GSLoc: 3DGS rendering (10ms) + MASt3R inference (70ms) + MASt3R matching (40ms)+ RANSAC+PnP (50ms) ~ 170ms
GSLoc_rel: 3DGS rendering (10ms) + MASt3R inference (70ms) ~ 80ms
Total runtime: SCR + GSLoc: ACE inference (17ms) + 170ms
APR + GSLoc: Marepo inference (7.4ms) + 170ms; DFNet inference (2ms) + 170ms
SCR + GSLoc_rel: ACE inference (17ms) + 80ms
APR + GSLoc_rel: Marepo inference (7.4ms) + 80ms; DFNet inference (2ms) + 80ms
Thanks for catching the runtime calculation issue, we will update the runtime data in Table 6.
[1] Sarlin, Paul-Edouard, et al. "From coarse to fine: Robust hierarchical localization at large scale." CVPR 2019.
[2] Yan, Yunzhi, et al. "Street gaussians for modeling dynamic urban scenes." ECCV 2024
[3] Liu, Yang, et al. "Citygaussian: Real-time high-quality large-scale scene rendering with gaussians." ECCV 2024
[4] Chen, Yingshu, et al. "StyleCity: Large-Scale 3D Urban Scenes Stylization with Vision-and-Text Reference via Progressive Optimization." arXiv 2024
[5]Brachmann, Eric, et al. "On the limits of pseudo ground truth in visual camera relocalization." ICCV 2021
Thank you for your prompt response and for providing more extensive comparative experiments with HLoc, as well as the performance of GSLoc under different numbers of viewpoints. I still have some questions:
- On 7Scenes, does the 3DGS training use the poses from SfM GT or the poses obtained by running COLMAP separately? (i.e., Is the mapping process completely fair between GSLoc and HLoc?)

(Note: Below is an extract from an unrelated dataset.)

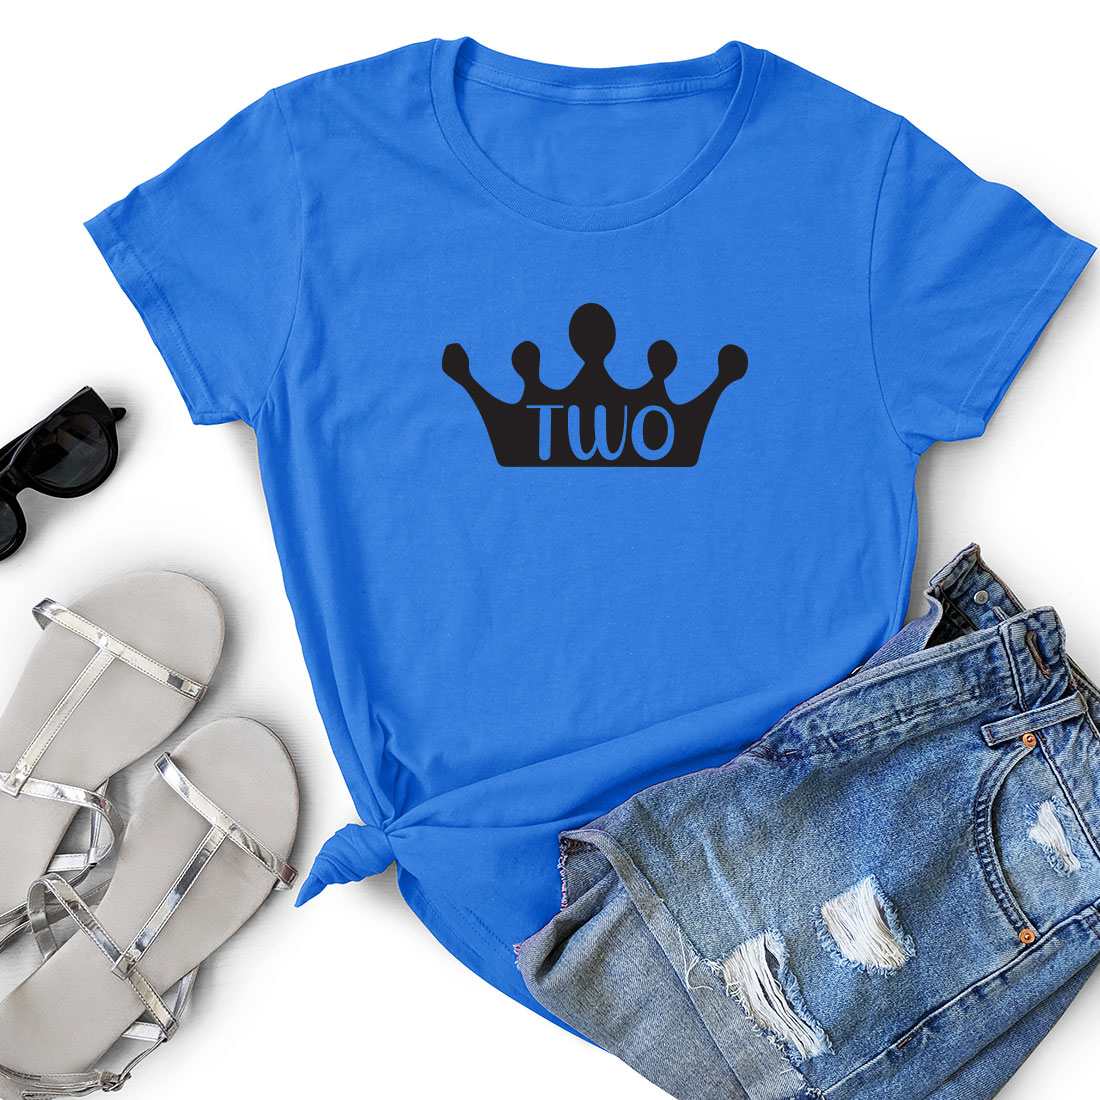 Blue shirt with a crown on it.
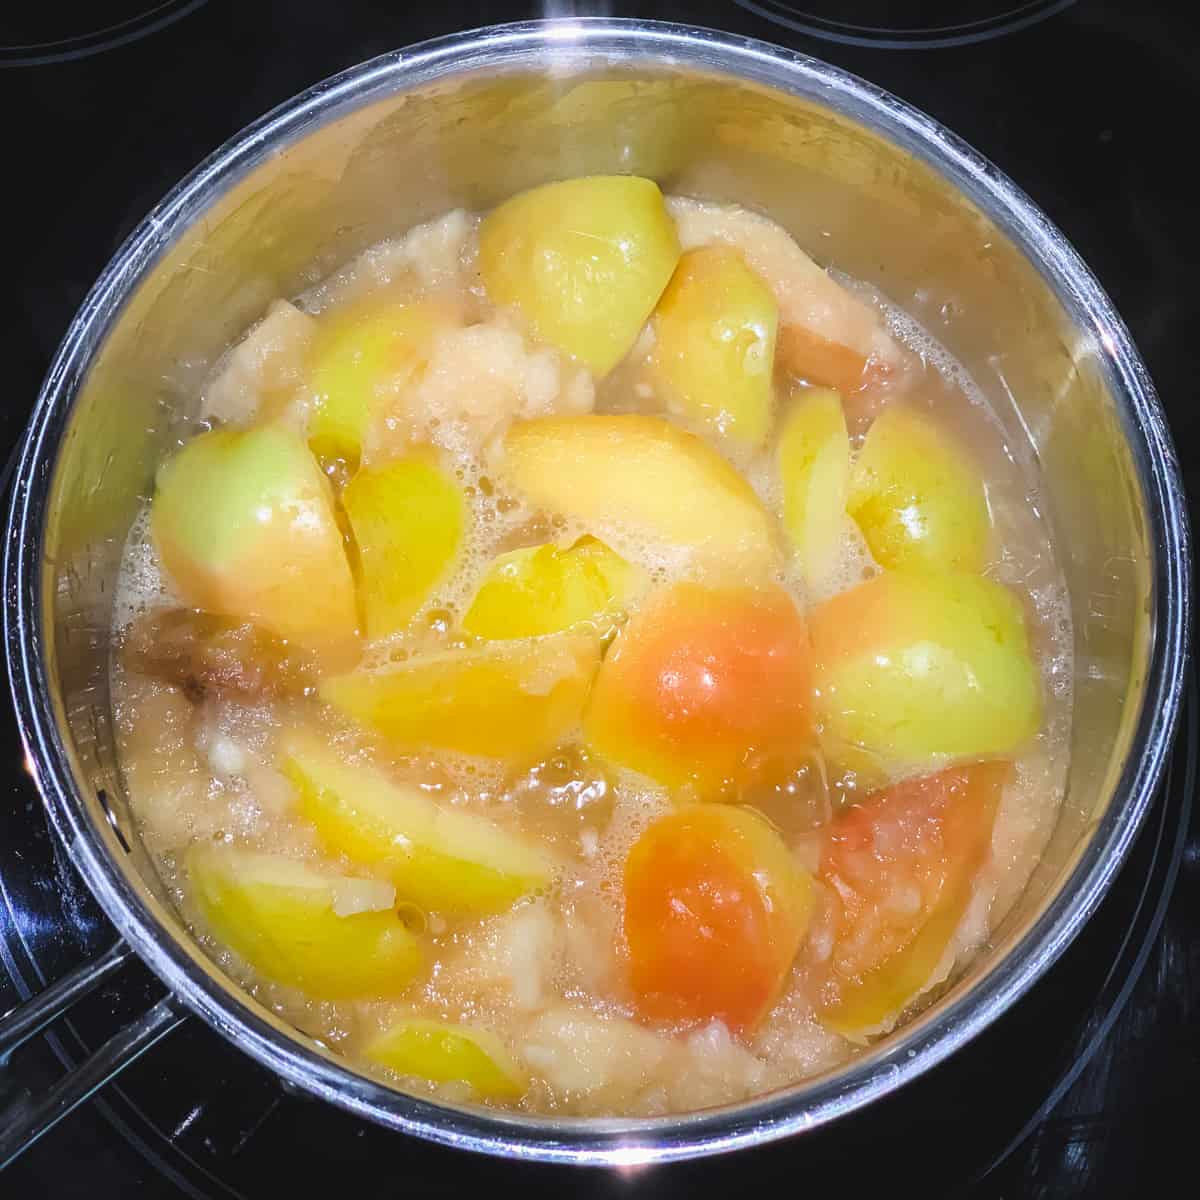 a pot of apples cooking on the stove

- Could you provide the corresponding results of HLoc using MASt3R for matching during localization?
- On 7Scenes, could you add the following images in the appendix to help understand the specific reasons why ACE + GSLoc significantly outperforms ACE + H-Loc:
- The query image
- The top-1 image obtained based on ACE pose + pose-based retrieval
- The rendered image used for GSLoc's pose estimation
- Additionally, it would be helpful to provide the following two results:
- Visualization of the matching results between the query image and the top-1 retrieval image (showing SP+SG and MASt3R matches respectively would be great)
- Visualization of the matching results between the query image and the GSLoc rendering (i.e., MASt3R matches)
My concern is that if the query image and the nearest database image are nearly located, then H-Loc itself should be able to achieve good results. If the query image and the nearest database image are quite far, it would require 3DGS to have high-quality rendering under relatively large viewpoint changes, and the rendering need to be easy to match, to enable GSLoc to achieve results far surpassing HLoc. The above information can help me, and I believe, relevant readers further understand GSLoc.
Thank you for your follow-up questions. We are happy to address your concerns.
-(g) Fair comparision: On 7Scenes, we use the same SfM model for 3DGS training and HLoc relocalization with the same SfM GT. In the future, we will release all of our COLMAP models, pre-trained 3DGS models, and our code for reproducibility.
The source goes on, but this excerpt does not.